California lawmakers are considering a range of options to combat a rise over the last two years of felony retail theft - large-scale shoplifting - and held the latest in a series of hearings in West Hollywood on Friday. The State Assembly Select Committee on Retail Theft heard from residents, business owners and social-justice groups.

Tinisch Hollins, executive director of the nonprofit Californians for Safety and Justice, said everyone agreed on one thing.

"The retailers and folks who patronize stores deserve safety. People should be able to do business. That's not up for debate," Hollins said, "But relying on incarceration, jail and prison and arrests are not going to get us out of this problem, because it's far more complex."

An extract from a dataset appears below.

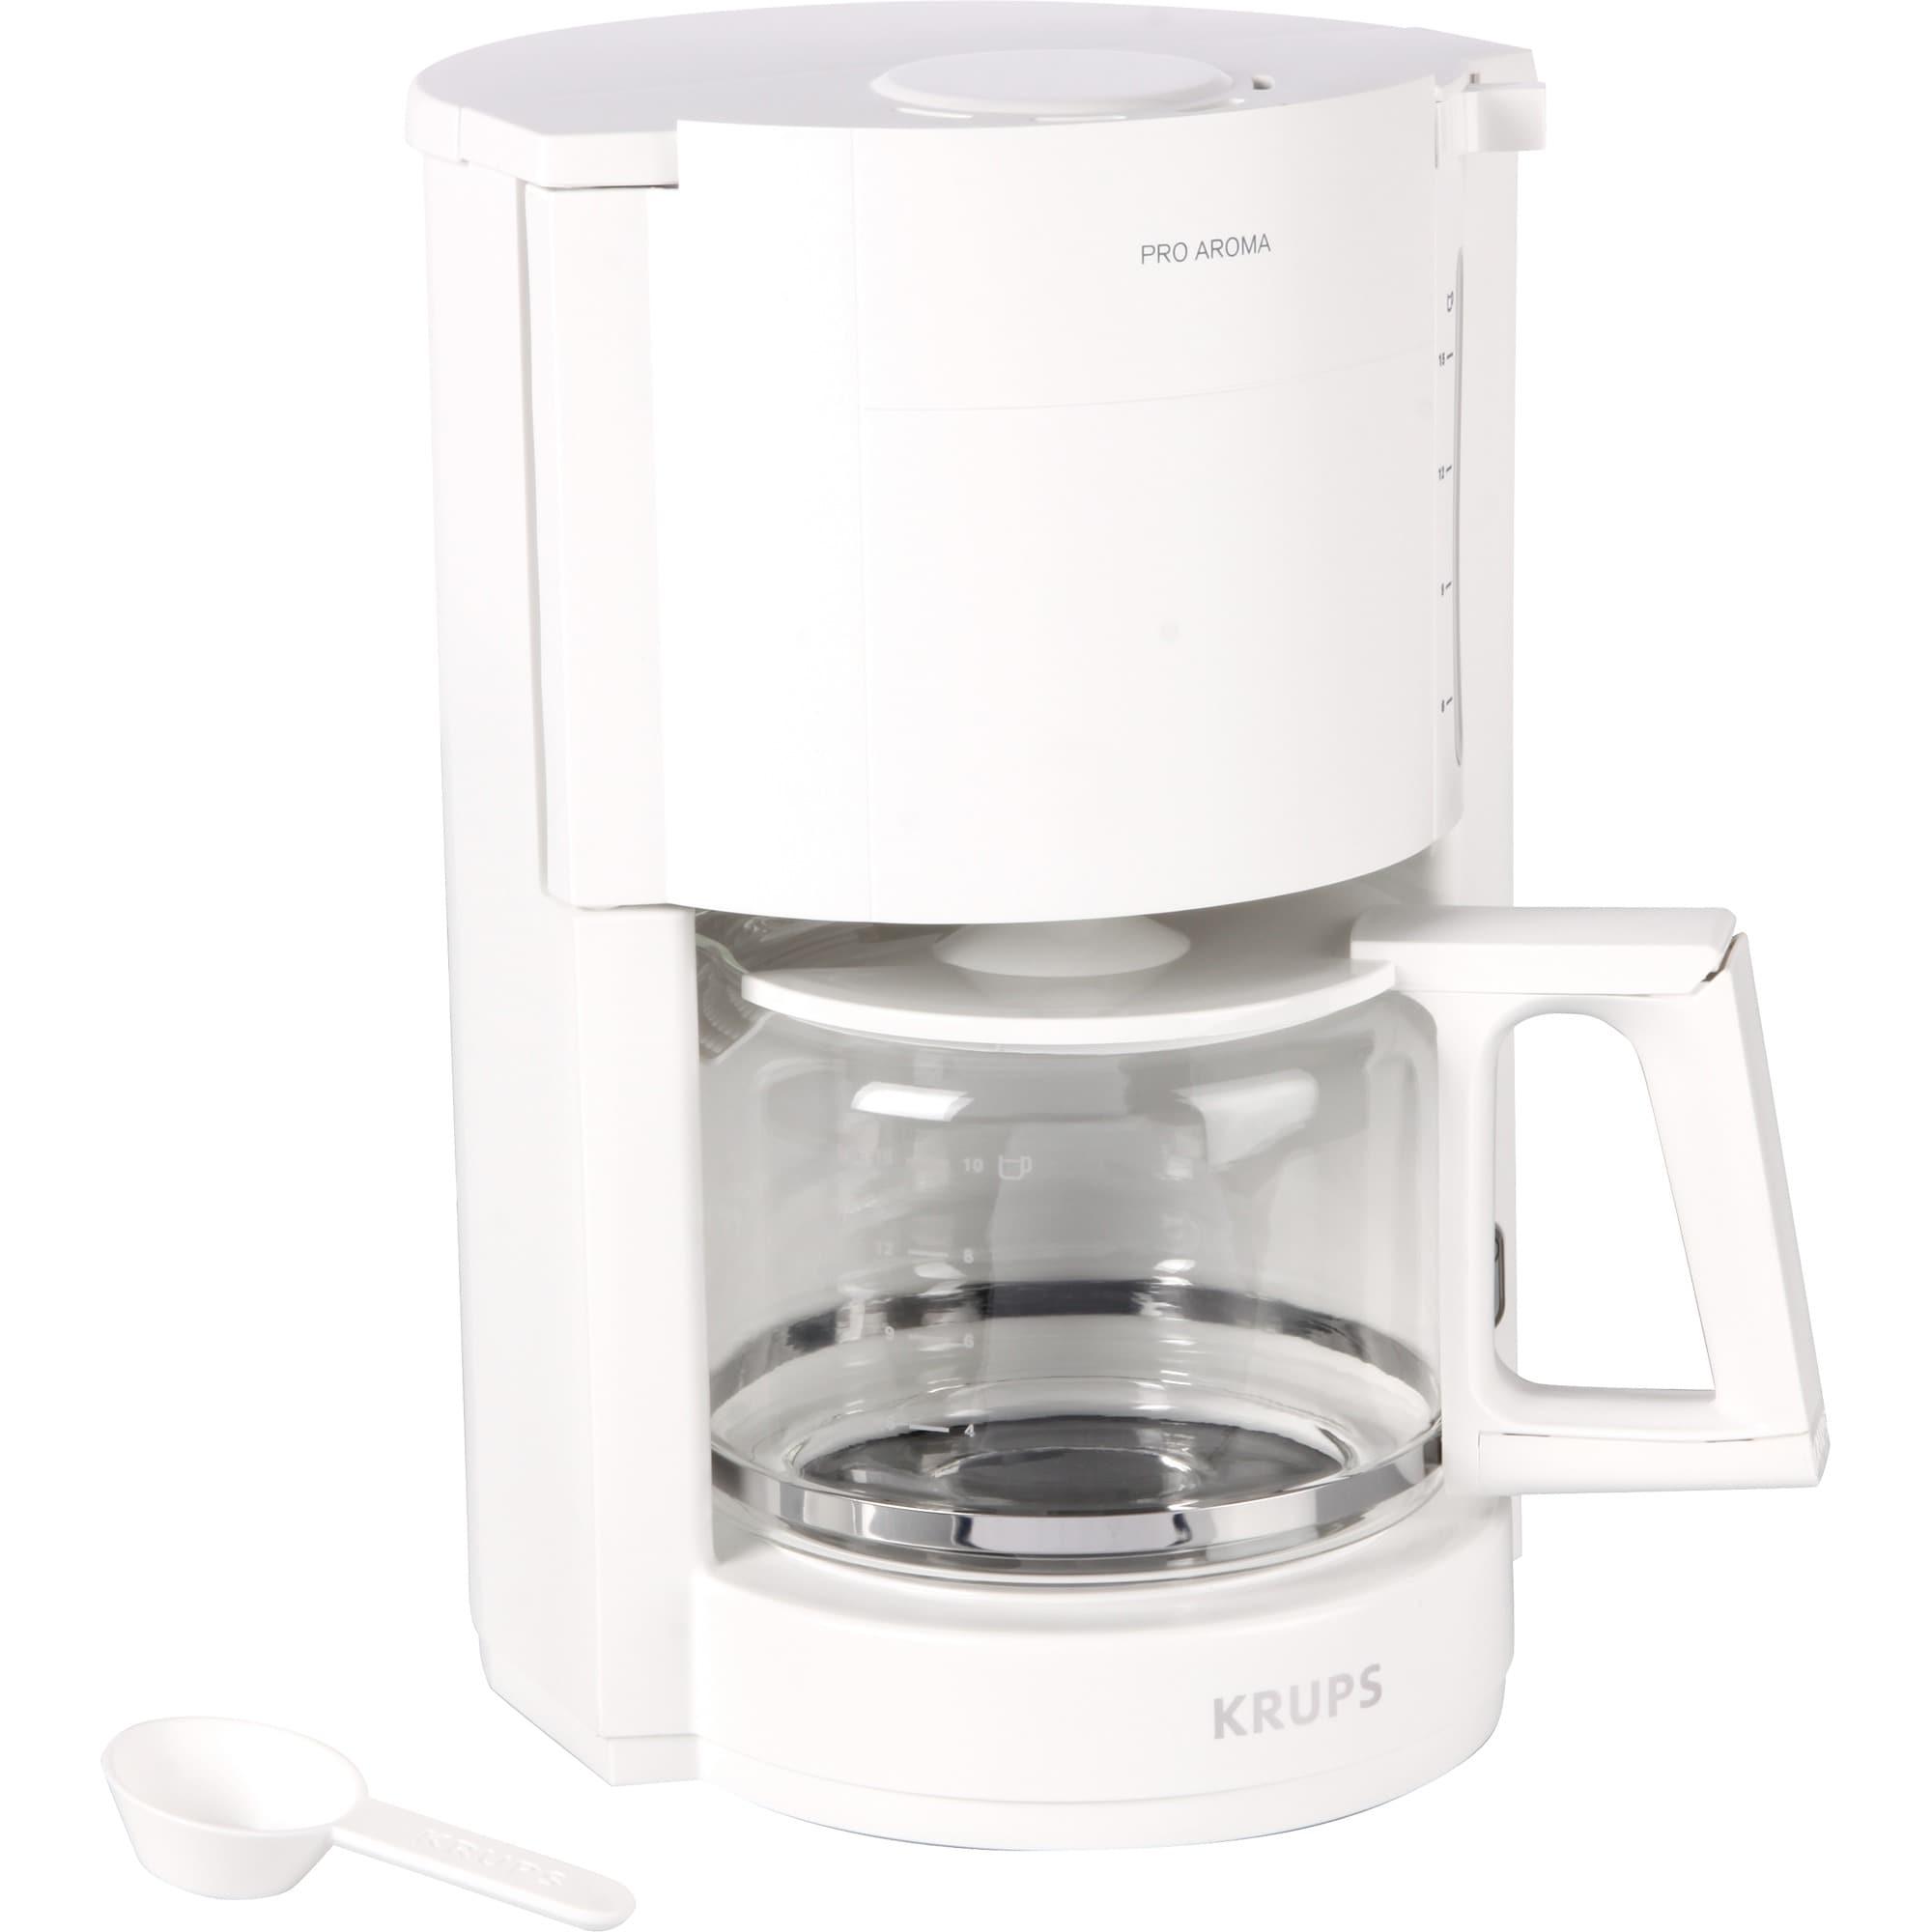 Krups Filtermaschine F 309 01 ProAroma

Some in law enforcement have suggested in recent years that Proposition 47, passed a decade ago, has contributed to the uptick. Prop 47 raised the threshold for felony theft to $950 - so if the amount stolen is more than that, it would be a felony with jail time.

The law addressed overcrowding in the jails and has saved $750 million since 2015 in incarceration costs, diverting it to programs that address drivers of crime, including poverty, addiction and mental illness.

Hollins says fear-mongering should not be allowed to undermine criminal justice reform and notes that just 8% of people who participate in Prop 47-funded programs end up back behind bars.

"There are many who are really capitalizing off the fact that people are scared that businesses are being impacted, and that there's this perception that there's lawlessness, but the truth is, there are ways for us to intervene in this crisis, and we should be using them," Hollins said.

Gov. Gavin Newsom has proposed cracking down on resellers of stolen goods and clarifying that law enforcement can combine the value of multiple thefts to reach the threshold for felony grand theft.